Although not shown, power is supplied to the flex circuit 40.
Other configurations to communicate to are similarly feasible and planned. For example, in an alternative embodiment, a flexible, elongated power cable couples power supply 130 to connector 120. In this situation, the tray 15 protrudes from the interior of the housing 20, the power cable crawls with the tray, and the connector 120 remains connected to the power cable so that the connection with the flex circuit 40 is constantly maintained. . In addition, when the tray 15 is pushed back to its reference position inside the housing 20, the power cable is retracted so as not to obstruct the tray 15, and the connector 120 remains connected, constantly heating the medium 105.

Whatever power supply connection is selected, the flex circuit 40 of the preferred embodiment (as long as the printer itself is plugged into an external power supply as is common in the art)
"On" of the printer 10 controlled by the power switch 37
Alternatively, power is continuously received from the power supply 130 regardless of the “off” state. In this way, the media 105 is constantly at an elevated temperature even if the printer is not used for long periods of imaging operations, such as overnight. In this situation, a low power consumption of 10 to 20 watts by the flex circuit 40 is preferred.

If a continuous heating condition is not required, other power-enabled configurations are feasible and planned. For example, in an alternative embodiment, the supply of power to the flex circuit 40 is controlled in relation to the "on" or "off" state of the power switch 37. In yet another alternative embodiment, power to the flex circuit 40 is provided by the printer 10.
Is managed by the firmware stored in the memory. For example, upon detecting a power connection cycle to the printer 10, the firmware may allow a higher wattage (ie, about 20 watts) to be supplied to the flex circuit 40 for a predetermined period of time for the initial warming of the media 105, followed by the remaining time. Reduce the wattage (ie, about 10
Watts). Instead, numerous other forms of control made available by firmware or other software or hardware are equally feasible. For example, in still another embodiment, the power to the flex circuit 40 is managed at a constant temperature.

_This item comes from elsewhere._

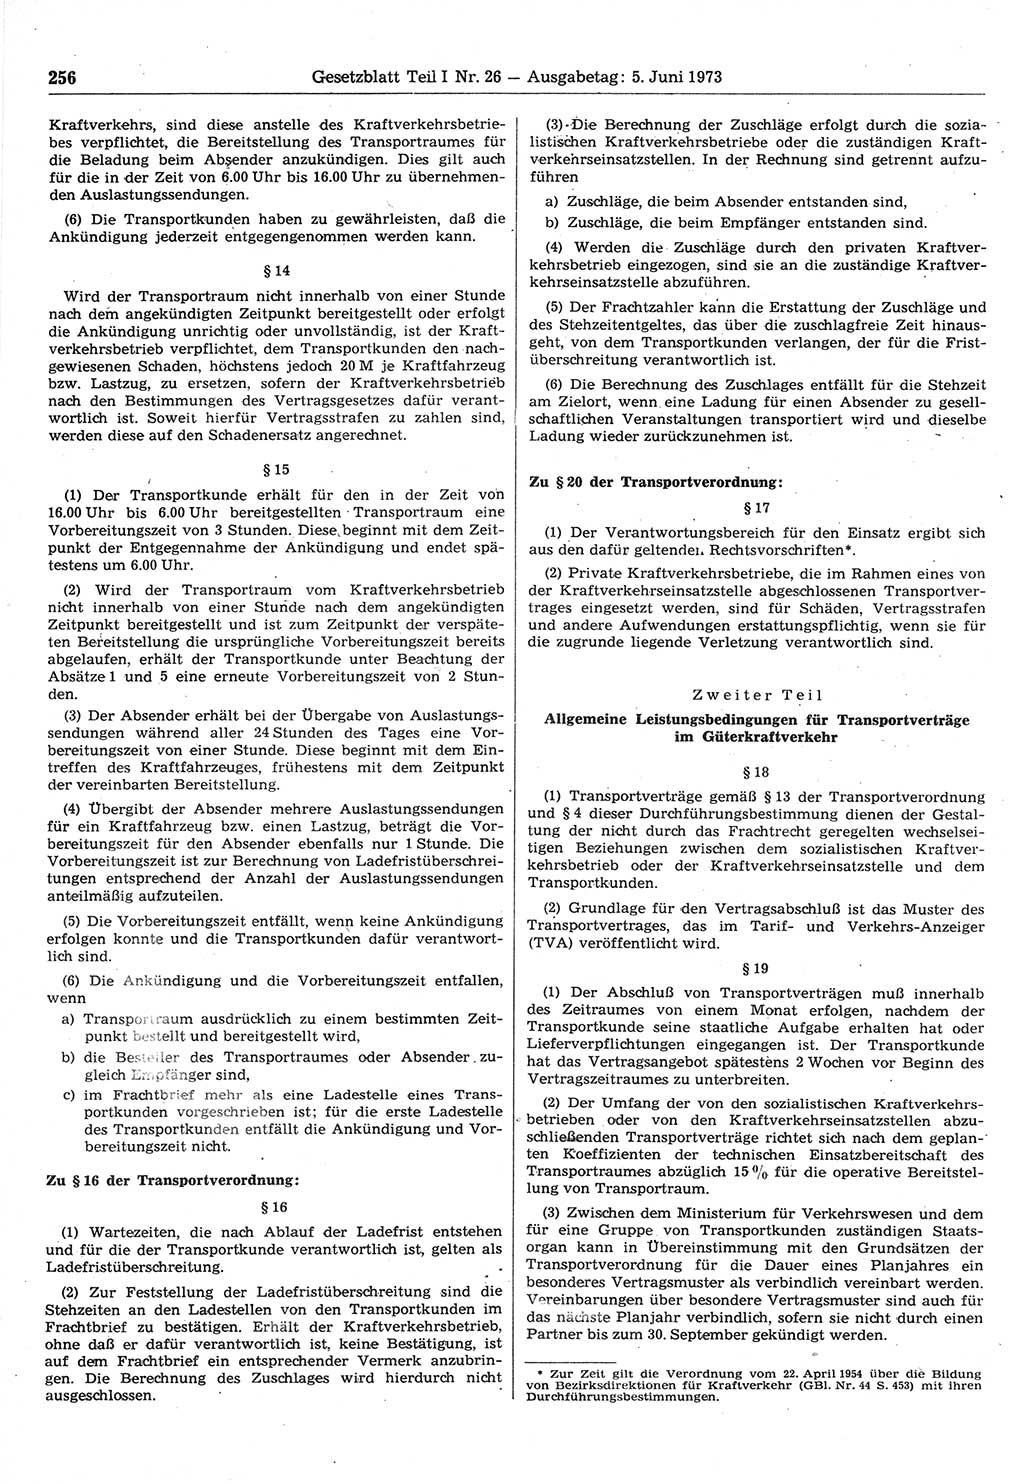 Gesetzblatt (GBl.) der Deutschen Demokratischen Republik (DDR) Teil Ⅰ 1973, Seite 256 (GBl. DDR Ⅰ 1973, S. 256)

Next, the longer the amount of time the media 105 remains in the tray 15, the warmer and the more dry it will be to the point of high temperature saturation as moisture is driven off. However, obviously, the sheets above the stack of media 105 will warm more slowly than the sheets below the stack. In this context, an alternative embodiment (not shown) utilizes a dual flex circuit to heat from top to bottom as well as from bottom to top. Instead, the flex circuit 40 is positioned so that it can be offset only to the top of the stack of media 105. This embodiment is useful for picking the top sheet. Because the sheet is heated most rapidly. In either case,
This warming and drying of the media 105 on the tray 15 is particularly useful in environments with high external temperature and humidity coefficients. Again, if less moisture is absorbed by the media, less curl, wrinkles, and warpage will occur during image processing by the printer.

The general operation of the printer 10 will be described below. The medium 105 placed on the tray 15 by the user is heated to a higher temperature by conduction heat transfer in response to the power circuit 130 enabling the flex circuit 40 to be used. When the image transfer operation by the printer 10 is started,
The feed roller 135 picks up the uppermost sheet 140 from the medium stack 105 in the input tray 15 and moves the uppermost sheet 140 to a pair of moving rollers 145. The moving roller 145 further advances the sheet 140 by the paper guide 150 toward the alignment roller 155. The alignment roller 155 removes the sheet 140 (toner cartridge
The photoconductor drum 160 (at 165) and transfer roller 170 are advanced where toner is applied as is conventional in the art. Sheet 140 then moves through heated fusing rollers 175 where the toner is fused or bonded to the media. Finally, the sheet moves upward and is discharged into the output container 25.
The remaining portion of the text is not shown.